* THE TASK *
The entries below contain a line with "Die Stühle sind" and a line with "Schöner Vintage-Zustand nach". Retype exactly everything from the first down to the second, both included, and nothing else.

* GIVEN DATA *
--- --- ---
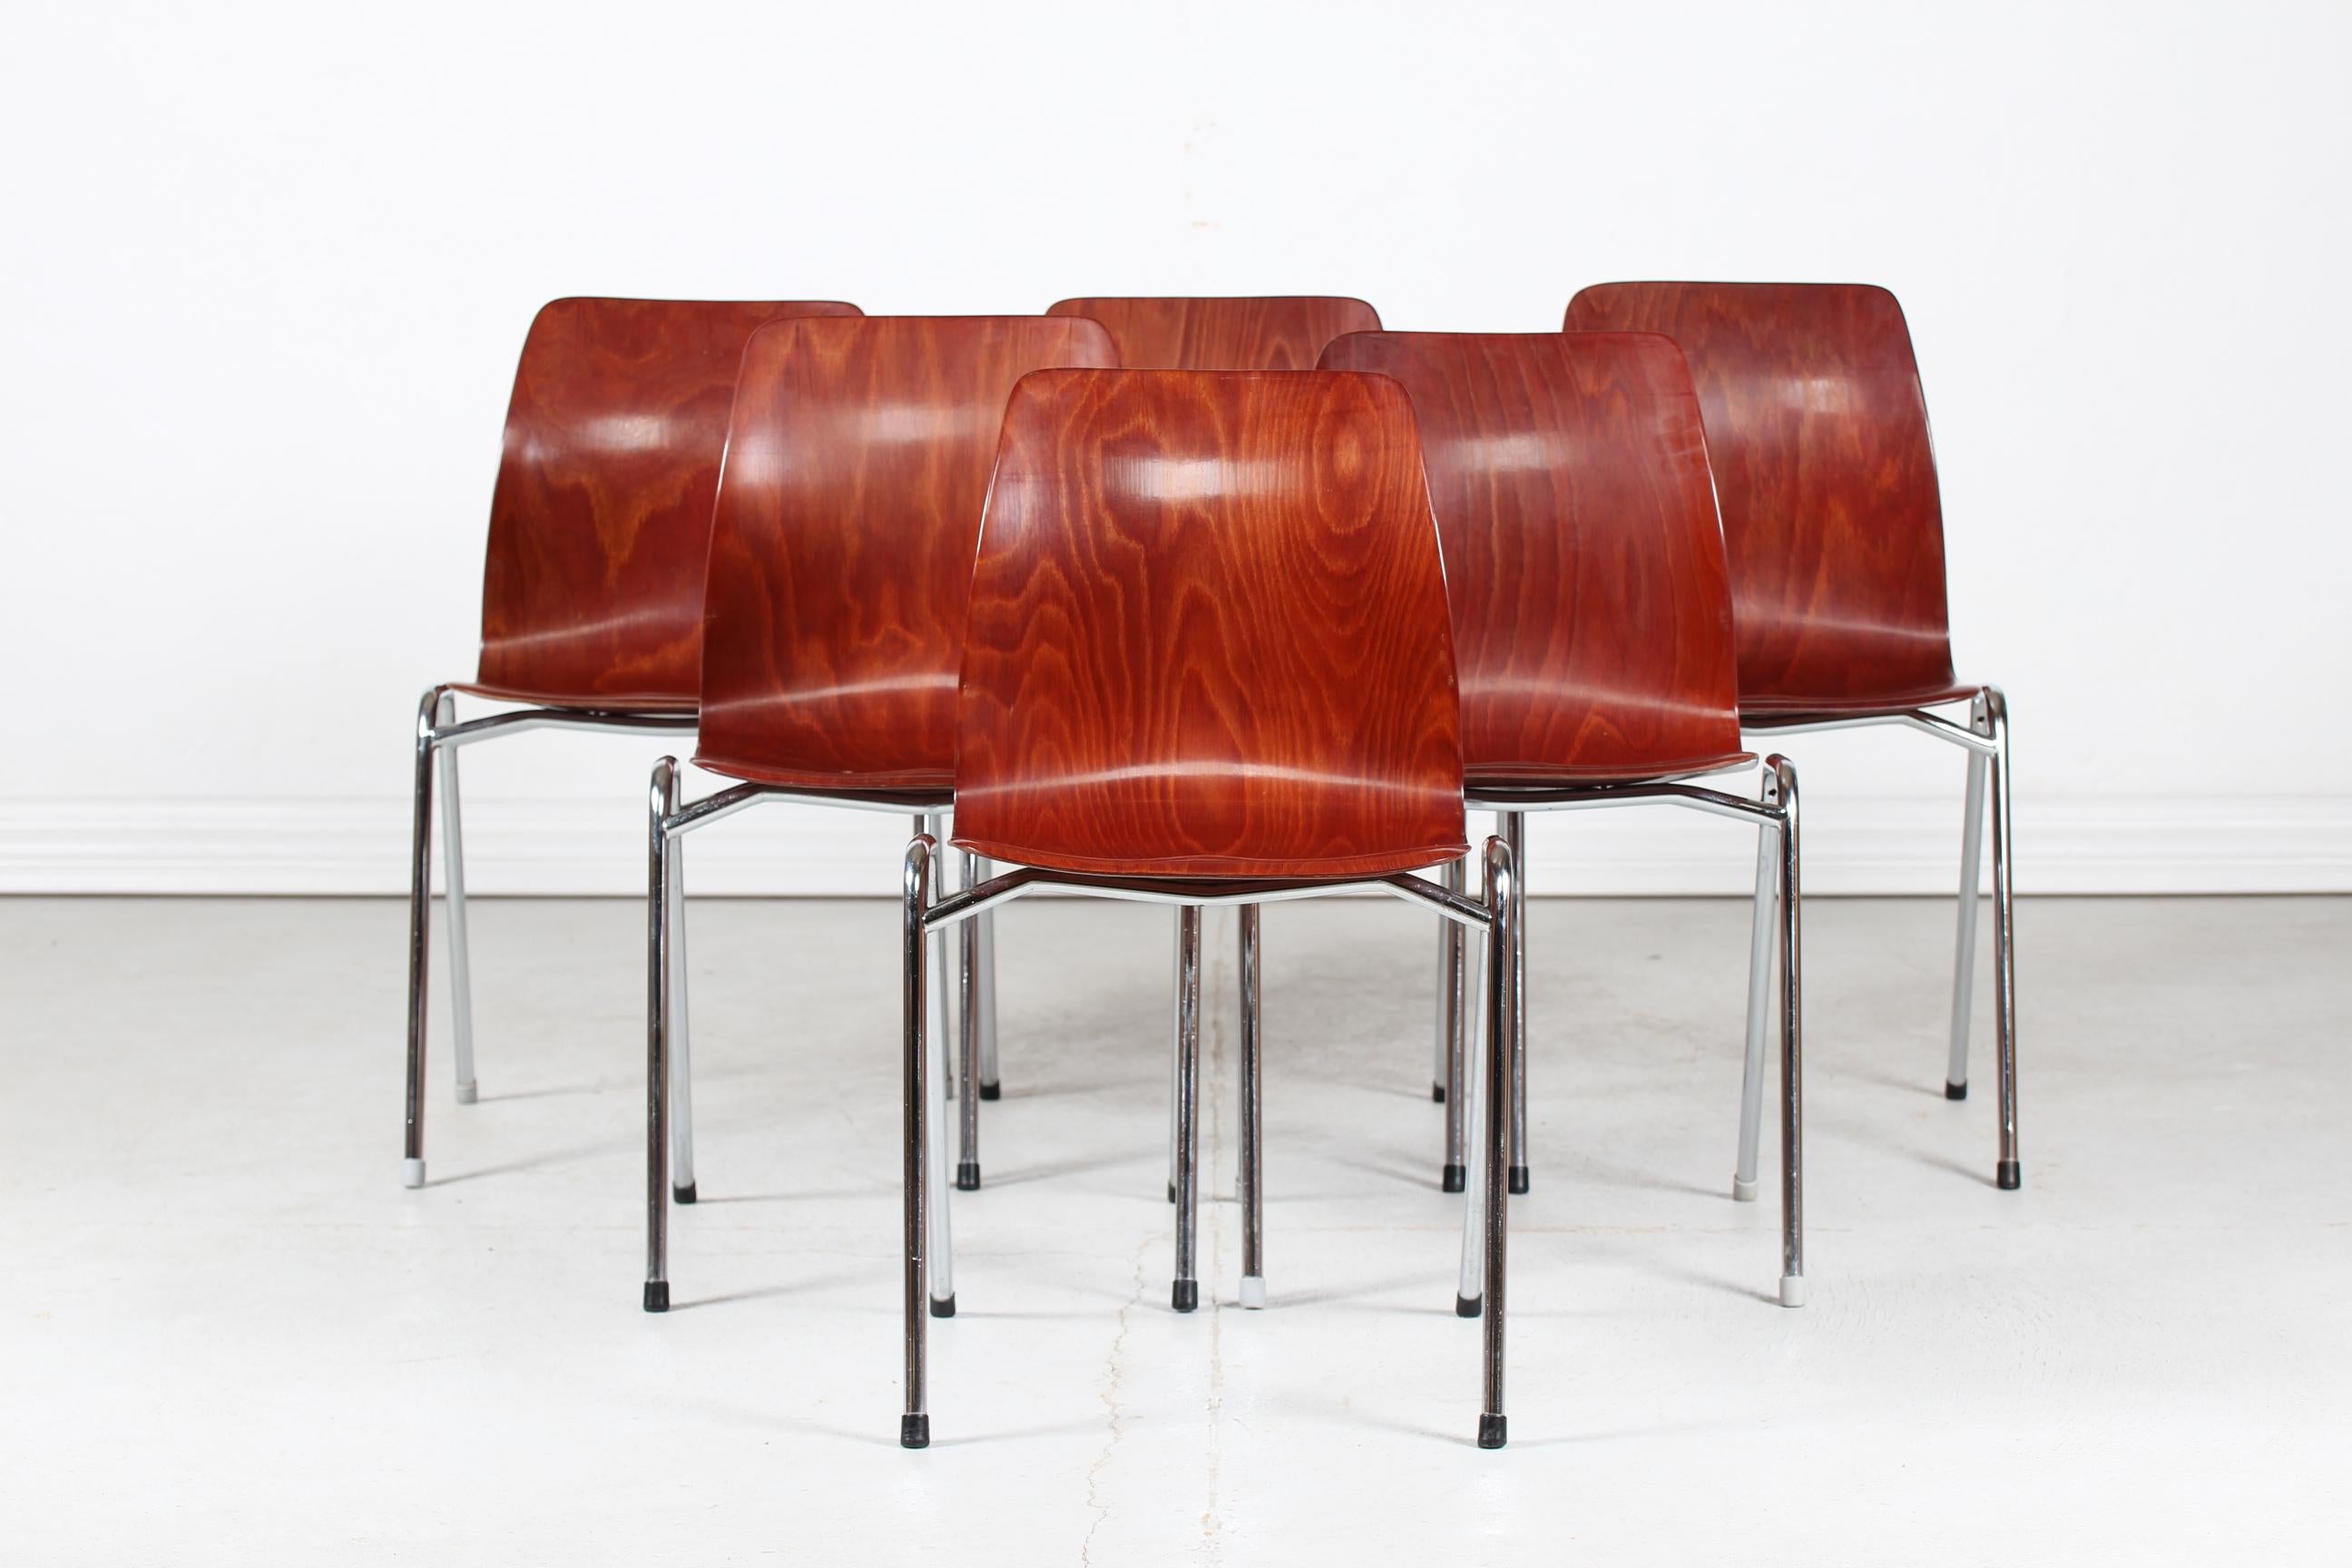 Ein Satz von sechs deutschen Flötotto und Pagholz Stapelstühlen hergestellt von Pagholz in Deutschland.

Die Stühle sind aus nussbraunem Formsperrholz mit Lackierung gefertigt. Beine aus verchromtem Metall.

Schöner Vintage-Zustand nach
--- --- ---
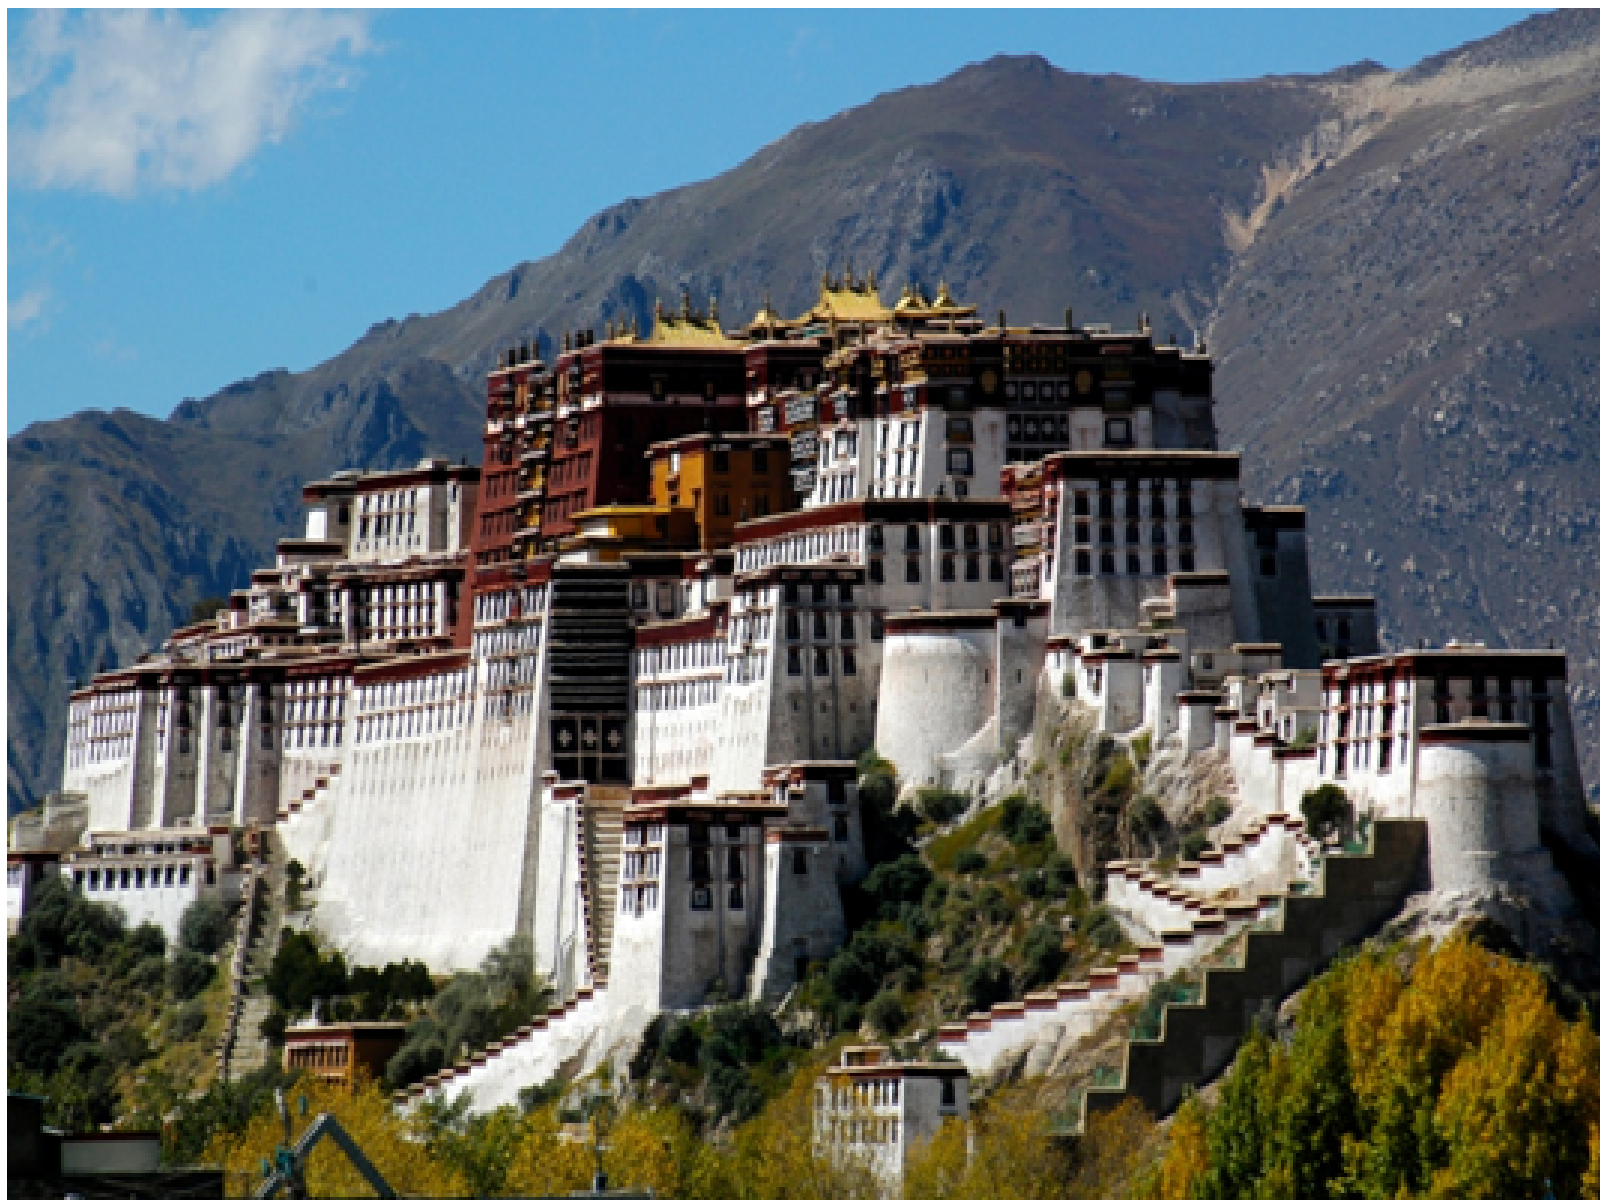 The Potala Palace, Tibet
--- --- ---
* EXPECTED OUTPUT *
Die Stühle sind aus nussbraunem Formsperrholz mit Lackierung gefertigt. Beine aus verchromtem Metall.

Schöner Vintage-Zustand nach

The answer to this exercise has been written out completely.